Rubriques
Vous devez telecharger le lecteur Flash et activer JavaScript dans votre navigateur.
Un argument souvent utilisé contre la doctrine de la création, consiste à dire que si la création est distincte du Créateur, elle fait nombre avec lui, et que celui-ci ne peut dès lors plus être Dieu, l’ensemble [Dieu + la création] étant supérieur à [Dieu seul]. Ainsi Mr Arnauld Desjardins écrit-il dans Les chemins de la sagesse : « En maintenant irréductiblement la distinction de la créature et du Créateur, nous limitons le Créateur si la créature n’est pas le Créateur, c’est qu’il y a quelque chose d’autre que Dieu. Par conséquent Dieu trouve là sa limite. On ne peut plus dire que Dieu est infini, illimité, puisqu’il existe la créature qui n’est pas Dieu » (pp. 33-34). D’où notre auteur en conclut : « Tout ce qu’il y a d’être en nous est Dieu. Donc nous sommes Dieu. Mais nous ne le savons pas » (Ibid.). Ce même raisonnement pourrait s’appliquer à tout ce qui se manifeste dans l’être et participerait nécessairement à l’unique être divin.

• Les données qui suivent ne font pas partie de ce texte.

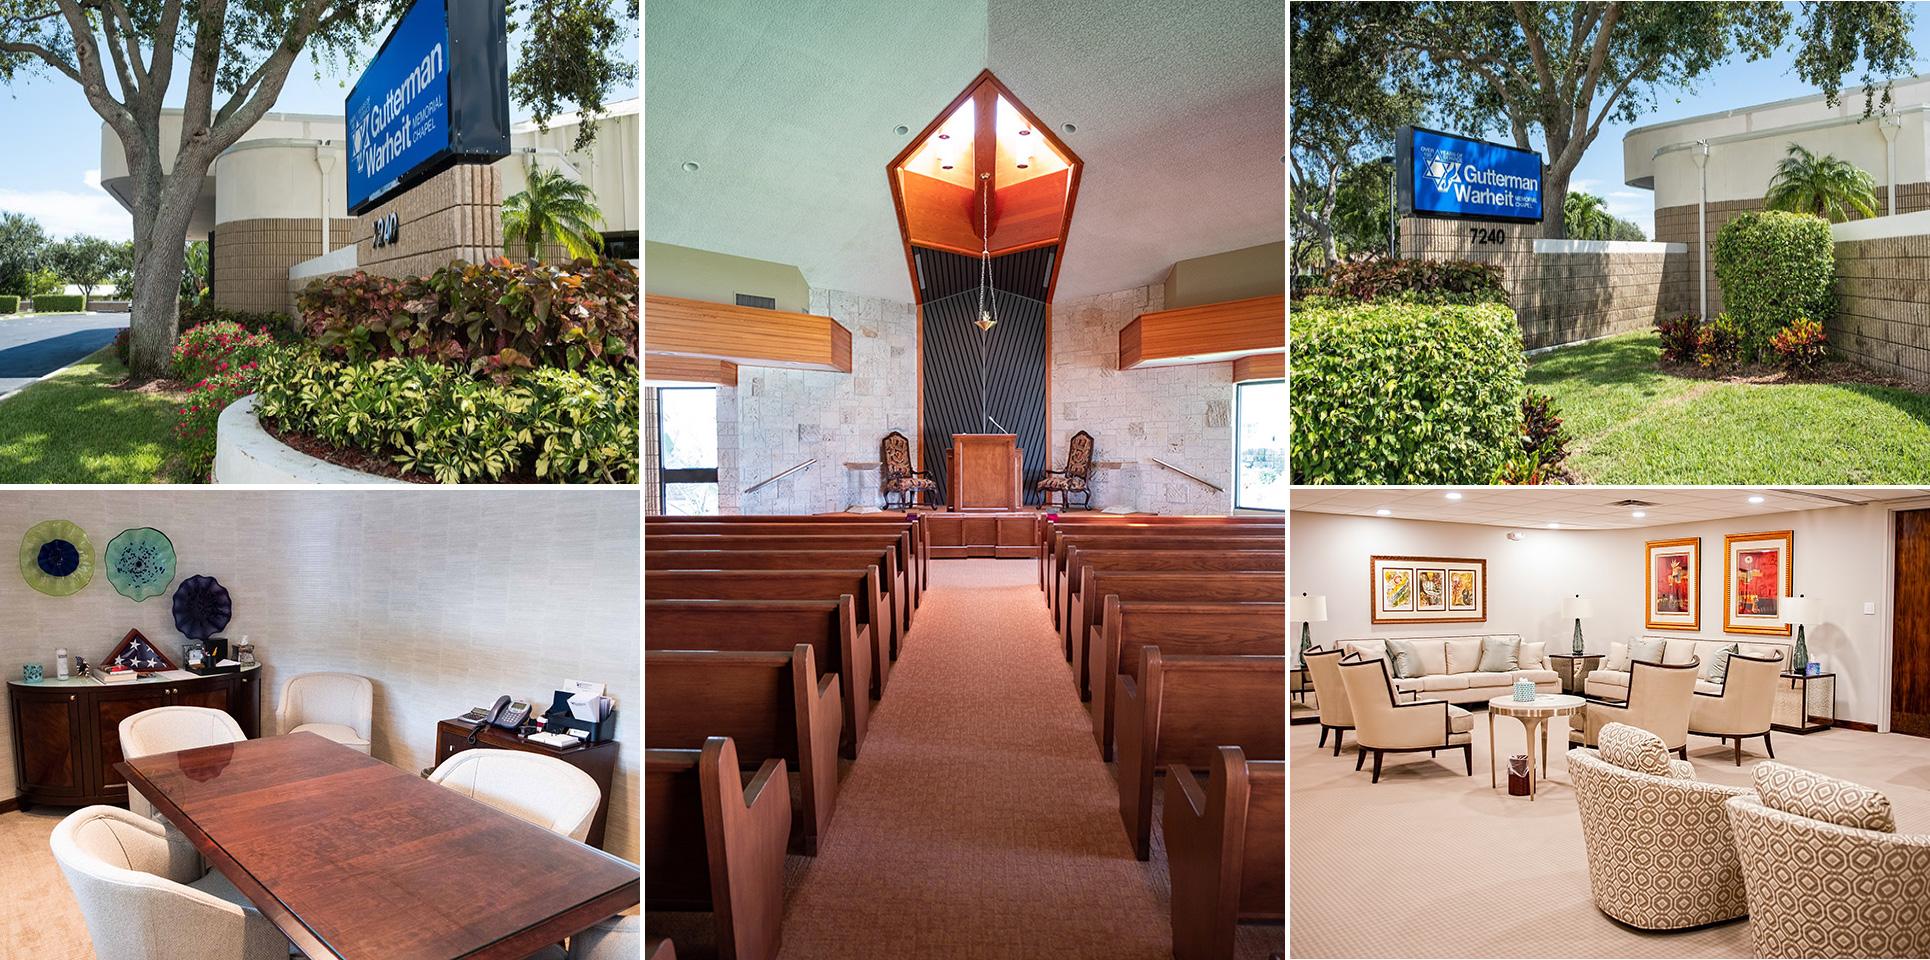 Gutterman-Warheit-Boca-Raton-building-chapel-conference-room-waiting-room

A ce raisonnement nous objectons que si la création est en effet distincte de Dieu, elle ne fait cependant pas nombre avec lui, étant d’une autre nature ontologique. On ne peut « compter » (additionner et soustraire) que des êtres appartenant à un même ensemble : des objets, des plantes, des animaux ou des hommes. Il faut qu’il y ait un commun dénominateur qui permette de les regrouper pour les nombrer : ainsi on exclut les plantes lorsqu’on additionne des animaux. Certes on peut additionner des cailloux et des hommes, à condition de choisir de les unifier sous le concept d’ « existants ».

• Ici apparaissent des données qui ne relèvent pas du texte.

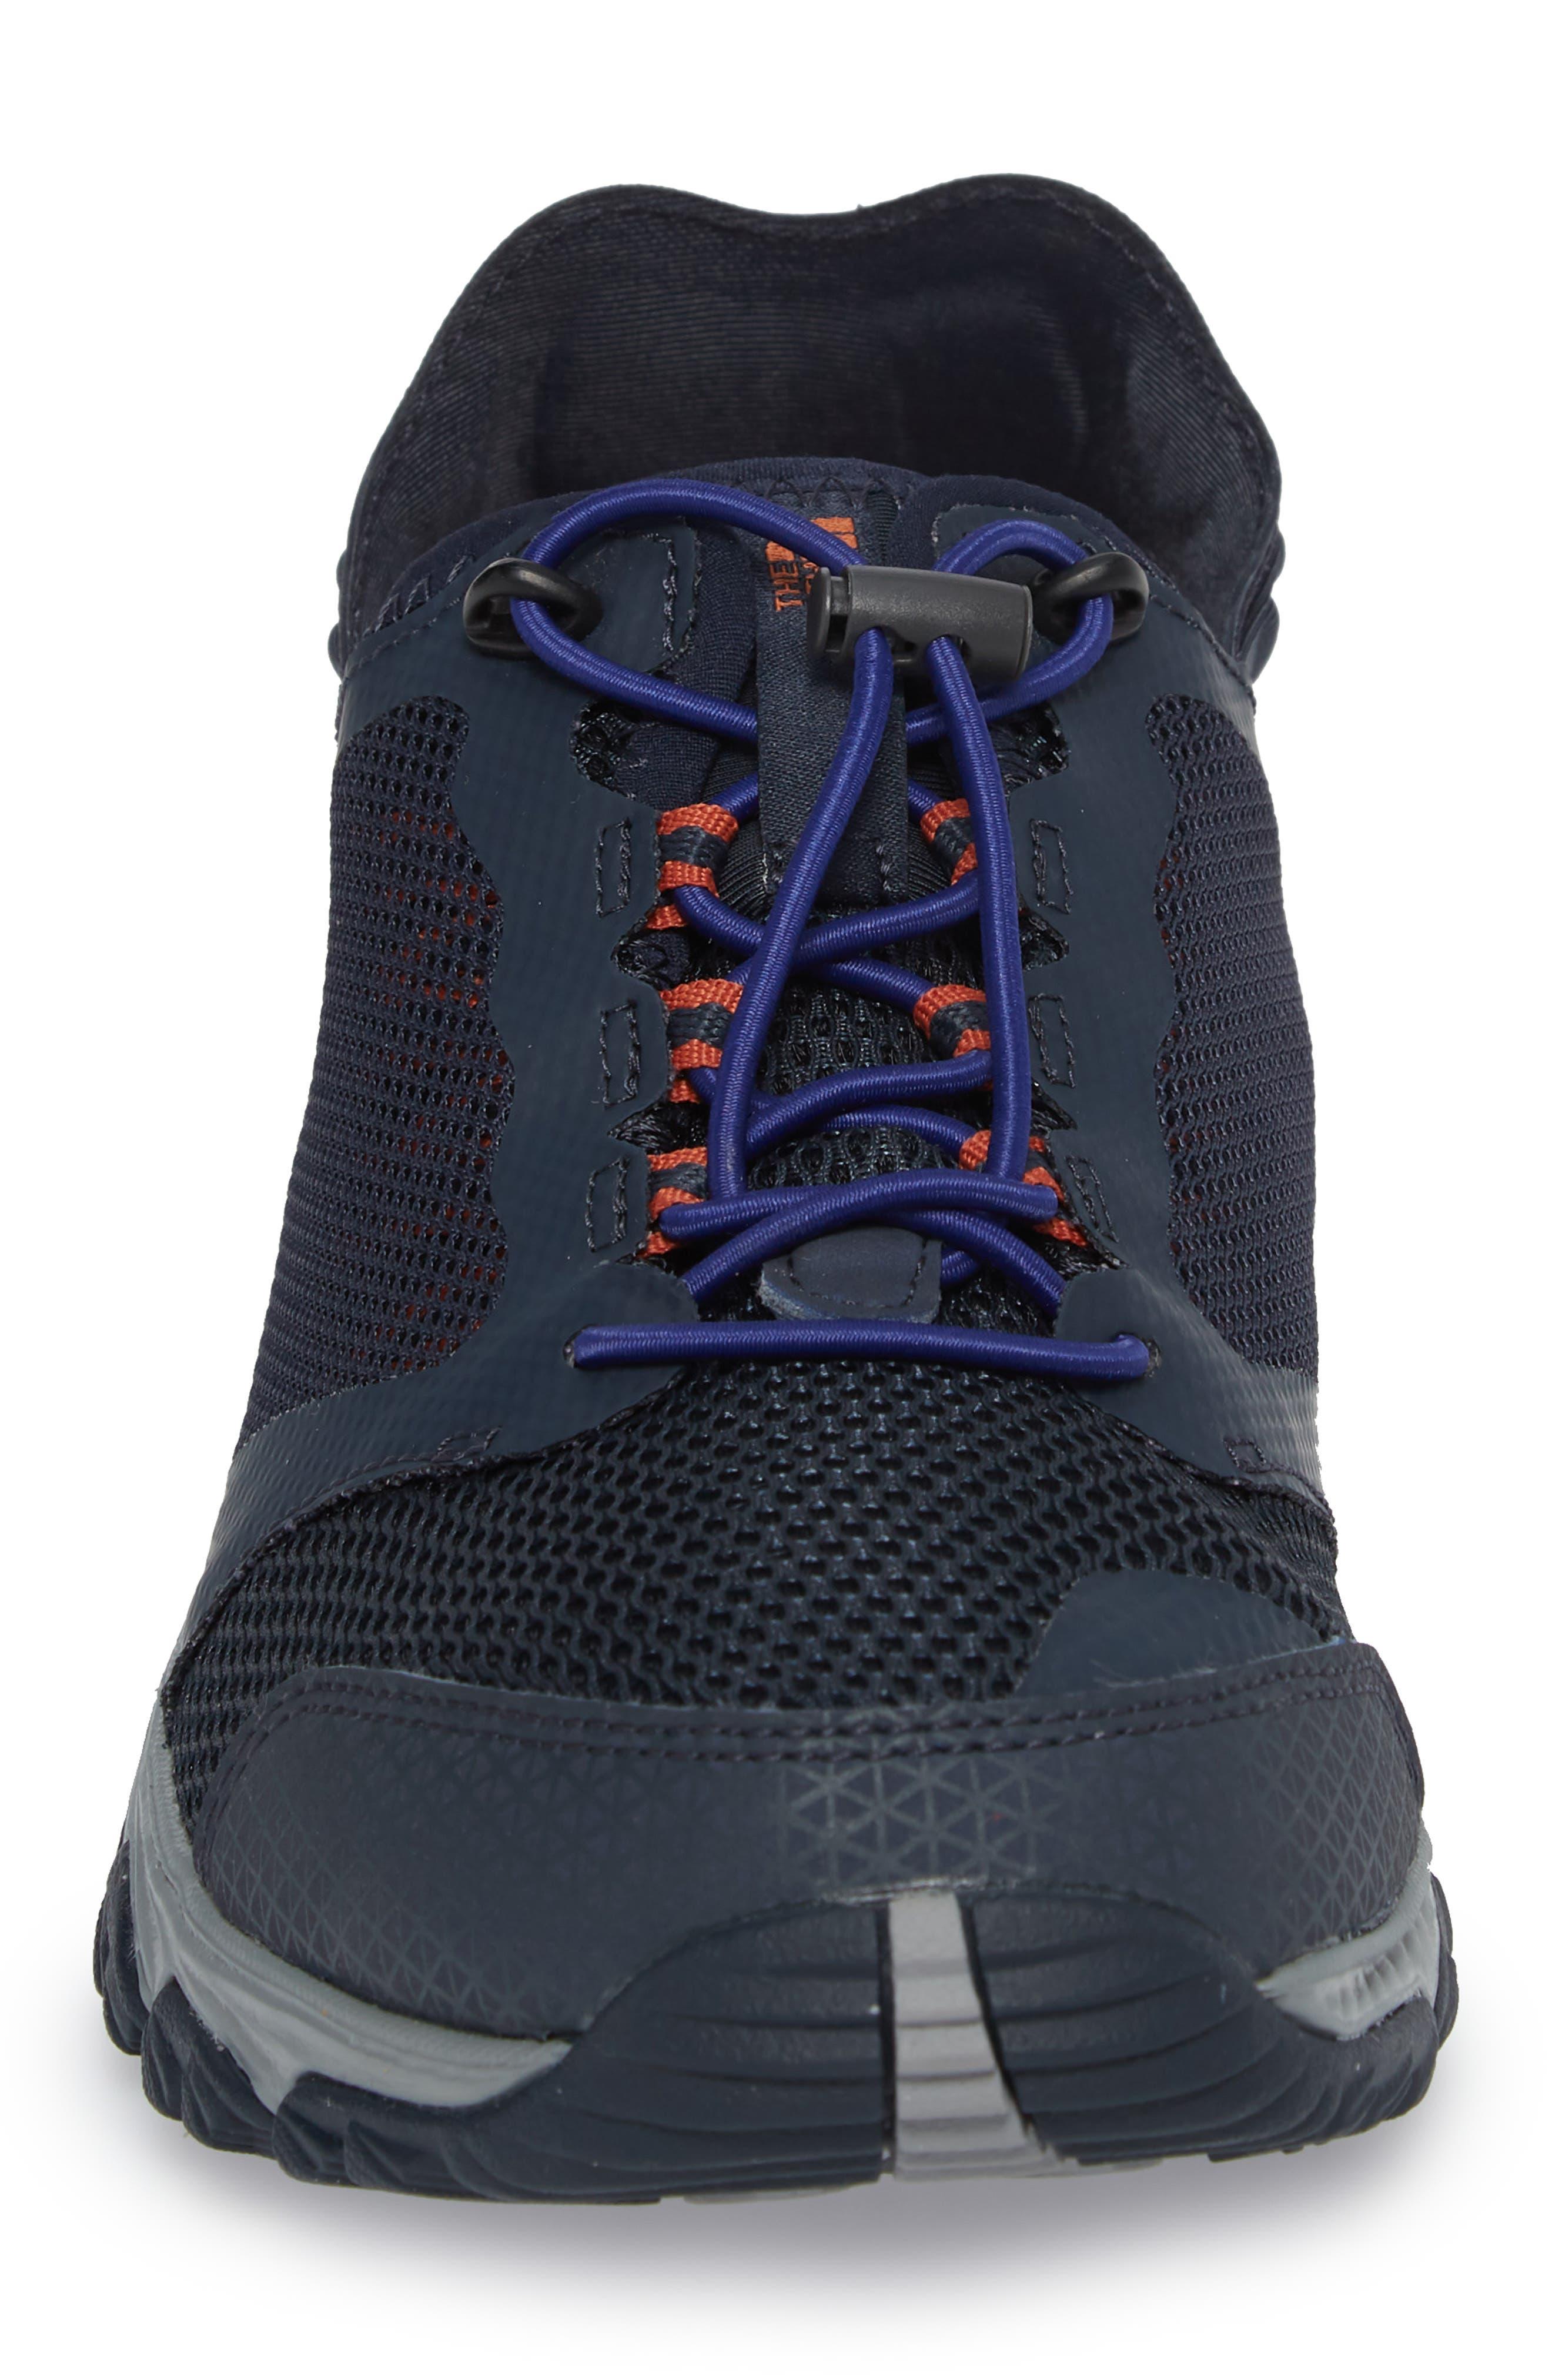 Litewave Amphibious II Collapsible Sneaker,                             Alternate thumbnail 4, color,                             Urban Navy/ Brit Blue

Or précisément, il n’y a aucun aspect qui rassemble le Créateur et sa créature dans un même groupe, permettant ainsi de les nombrer. Même le plus petit commun dénominateur le plus vague, le moins défini, à savoir le fait simplement d’exister, n’a absolument rien de commun entre Dieu et sa créature en raison de l’abîme ontologique qui les sépare. Certes le Créateur possède l’existence puisqu’il la communique à chaque instant à sa créature ; mais il ne la possède pas comme elle : il la possède comme Dieu seul la possède, c’est-à-dire de manière suréminente qui échappe à toute saisie conceptuelle. Ce n’est qu’analogiquement que nous attribuons le terme « exister » à Dieu à partir de notre expérience des choses de ce monde. Il n’y a donc pas de contradiction à maintenir un Dieu Créateur qui suscite dans l’être des créatures distinctes de lui, sans que pour autant celles-ci le limitent.
Voilà un argument d’autorité que je ne résiste pas à publier !!! Quand je pense qu’en général c’est l’Eglise catholique et ses représentants qu’on accuse d’utiliser ce genre d’argument !

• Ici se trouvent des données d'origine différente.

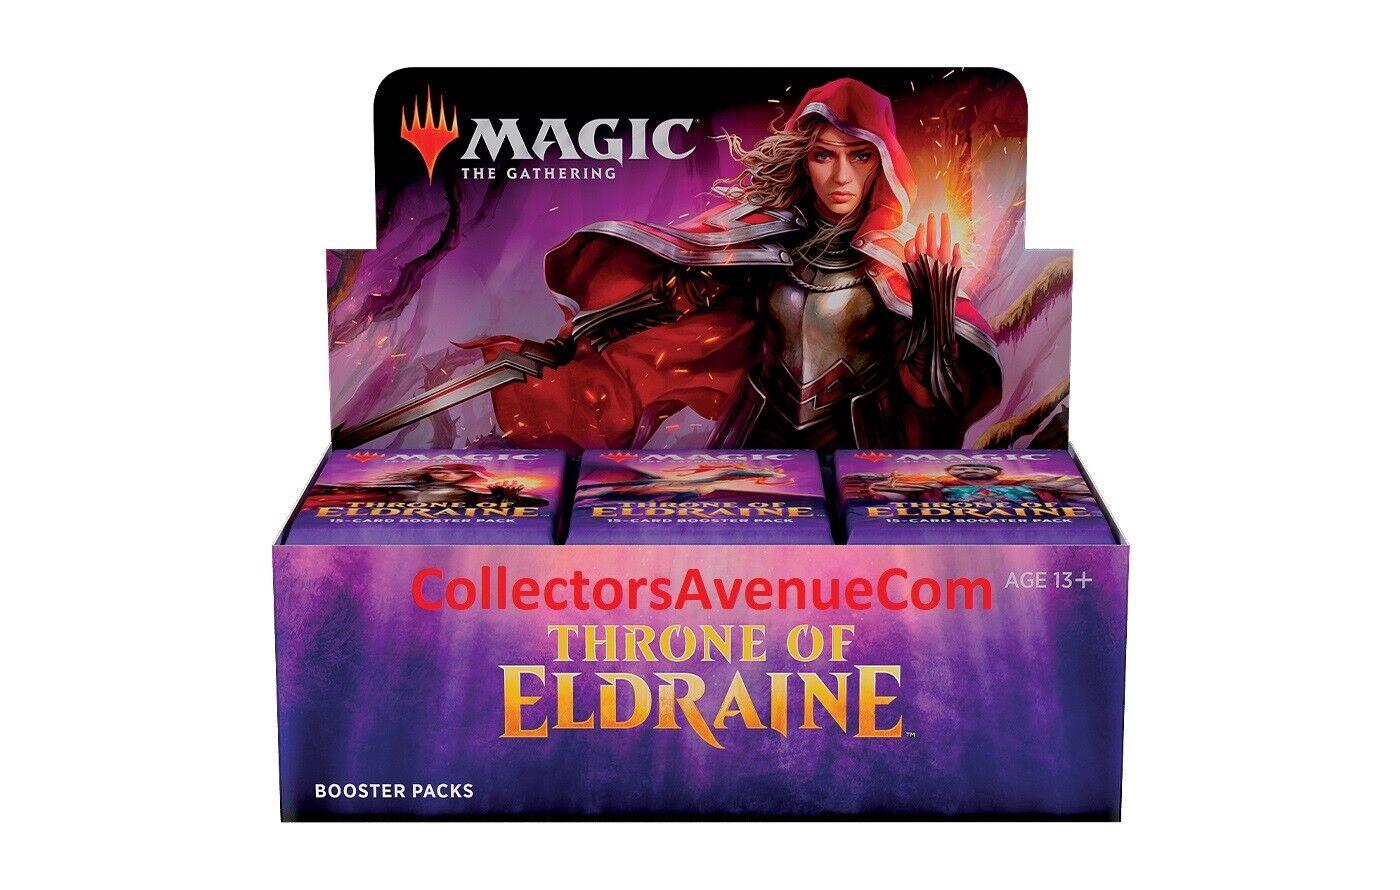 Eldren Kings help Box mtg Magic sellation avenuecom

Ainsi donc au nom d’une connaissance supérieure et d’une sainteté suréminente, le discours des soi-disant maîtres pourraient être pris en flagrant délit d’illogisme sans que pour autant leur raisonnement soit erroné. Vous aurez remarqué que je n’argumente pas en confrontant deux croyances - pardon ma pauvre croyance à la suréminente connaissance des sages - mais que je me contente de démonter une pseudo-argumentation de ces soi-disant sages. Mais c’est là sans aucun doute une preuve supplémentaire de mon ignorance, car un être plus évolué aurait certainement perçu, à un autre niveau de conscience bien sûr, la vérité du raisonnement apparemment erroné.
Si je comprends bien, ce qui s’avère faux dans le monde de l’illusion - celui dans lequel je m’agite - est vrai dans le monde de la réalité supérieure - auquel seuls les sages ont accès. Si tel est le cas, il vaudrait peut-être mieux que ces sages cessent de publier dans notre monde et ouvrent des maisons d’éditions dans les sphères transcendantes…
Au-delà de l’ironie de ces propos, n’oubliez pas l’avertissement de Benoît XVI : si la foi et la raison n’avancent pas main dans la main, la foi - ou la « Connaissance » - fera tôt ou tard alliance avec la violence.
Père
Une question que je me pose : qui est donc cet Arnauld Desjardin ? qu’a-t-il écrit de si extraordinaire ? Son nom m’est familier je crois, mais je pensais que c’était un simple orientaliste.
Etrange…
Et pourquoi le Dieu créateur ne serait-il pas infini et éternel ?
En quoi y aurait-il incompatibilité entre la puissance créatrice et l’éternité ou l’infinité ?
Et pourquoi le Créateur disparaîtrait-il avec sa création, alors que c’est lui l’Eternel qui lui donne à chaque instant « l’être, le mouvement et la vie » (Ac 17, 28) ?
Evidemment si avez du Dieu créateur une image aussi réductrice, et disons-le : aussi ridicule, je comprends que vous adhériez au panthéisme émanatiste. Mais il faudrait peut-être vous renseigner à des sources plus autorisées que celles que vous avez consultées avant de prendre une position définitive.
bonjour Pere verlinde.
votre explication de la presence de Dieu a sa création est passionnante :
« Dieu est en nous un peu comme les pensées sont en nous (sans être nous-même). »
par ailleurs vous avez aussi dit que l’Esprit est ce qui permet à l’âme humaine d’être capable de transcendance. or il me semble que la transcendance se revele à nous dans le rapport d’exposition à l’autre. Aux autres, les personnes, et analogiquement aux Personnes de la Trinité. Que Dieu, l’Autre, soit en nous signifie donc qu’il y a de l’Autre en soi.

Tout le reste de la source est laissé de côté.